Wednesday, April 30, 2008

Canadian Writers Don't Wear Underwear; or How To Tell If It's A Good Sex Scene

Being a Canadian writer means going briefless. No boxers, no Chocky's; no slips, petticoats, or shorts. Crotchless panties are OK as long as they're red or black.

There's a famous anecdote about Stephen Leacock tearing the crotch of his pants in a badminton game, and bending over suddenly to retrieve the birdie. His fellow players stood in shock, their eyes wide as one large testicle descended through the gaping hole in Leacock's slacks. Leacock, noticing the precipitate decline in athletic chatter, lowered his head between his knees, noticing the errant object of his guests' attention.

"Christ, Stephen," one of the players said. "I didn't even know you were pregnant."
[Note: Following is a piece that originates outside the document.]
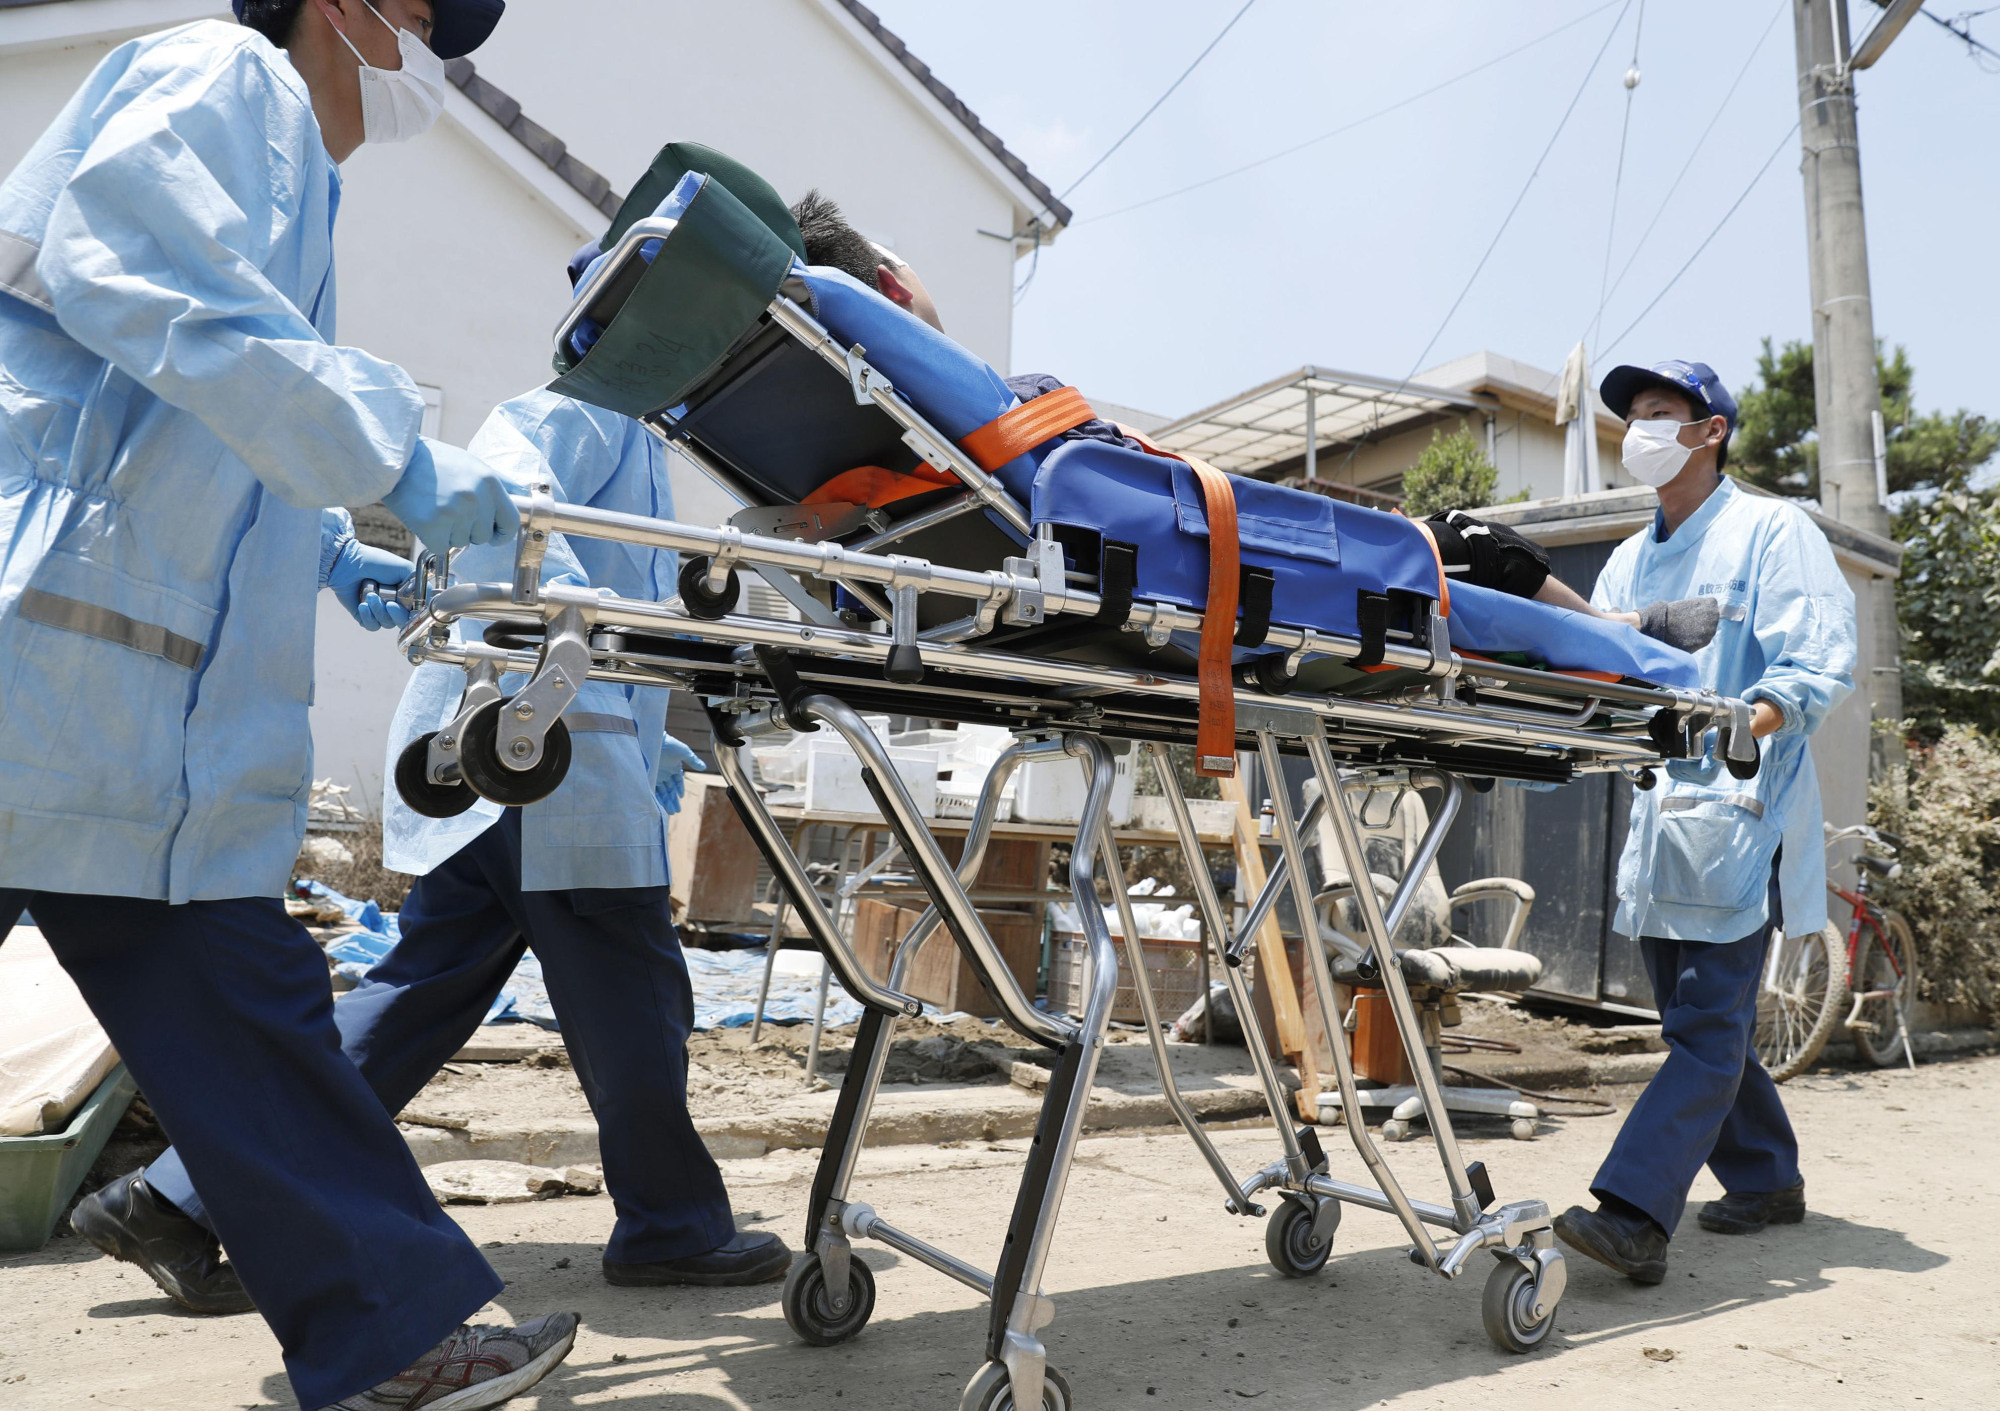 A person suspected of suffering from a heat-related illness is transported to an ambulance in Kurashiki, Okayama Prefecture, in July. | KYODO

They all had a good laugh, and, when things had calmed down, someone asked the Orillian satirist if he was perhaps a little behind in his laundry.

"I never wear drawers," Leacock is rumoured to have said. "They stifle the spirit."

Good writers just don't wear underwear. A professor tells a story of visiting Alden Nowlan. The latter was sitting at his desk, composing in the nude. "Don't you have any clothes, Alden?" the professor asked. "Sure," Alden said, "but I want to be closer to my words."

That might sound a little strange, but there's something to be said for complete honesty. Too much Canadian writing reads as if the writer's last orgasm came via a long walk in the desert. That reminds me of a line in one of Susanna Moodie's settler narratives; a line in which she desribes the impact of a drought on her husband's strawberry fields: "I had to come" Moodie writes, "it hadn't rained in weeks."

A friend who wrote a book about a trek through the Canadian arctic claims that the region deprives the writer of sex. "All erotic thoughts vanish on the ice; in the whiteness of the place. Not unlike Rosedale."

Which brings me to the question of how to judge the quality of a sex scene in a book. A friend was reading Barbara Gowdy's Mister Sandman a few months ago, and he describes the sensation as follows: "I started feeling something; something strange. Finally I looked, and, sure enough, my penis had shrunk."

"A good sex scene," this friend says, "is one that gives me an erection. I think that's a fair way to judge it. For women, I'd say it's a good sex scene if you feel like doing your husband's laundry."

That's just his opinion, and there's no reason to adhere to it. But the possibility of being aroused by literature is one of the artist's greatest "ins."

Bernard Shaw never wore BVDs. His dick was out all the time. Why then would Canadian writers do a 180 and button up? Too much is said of a writer's "magical" prose. Name one magician you'd like to fuck.

John Metcalf is one of Canada's greatest practitioners of the sexless story. A critic once observed, "Metcalf's fiction has all the erotic appeal of a long bus ride down Weston Road. If a Metcalfian character even attempted sex, one gets the feeling he would struggle to open the jar."

And that, sadly, is Canadian fiction.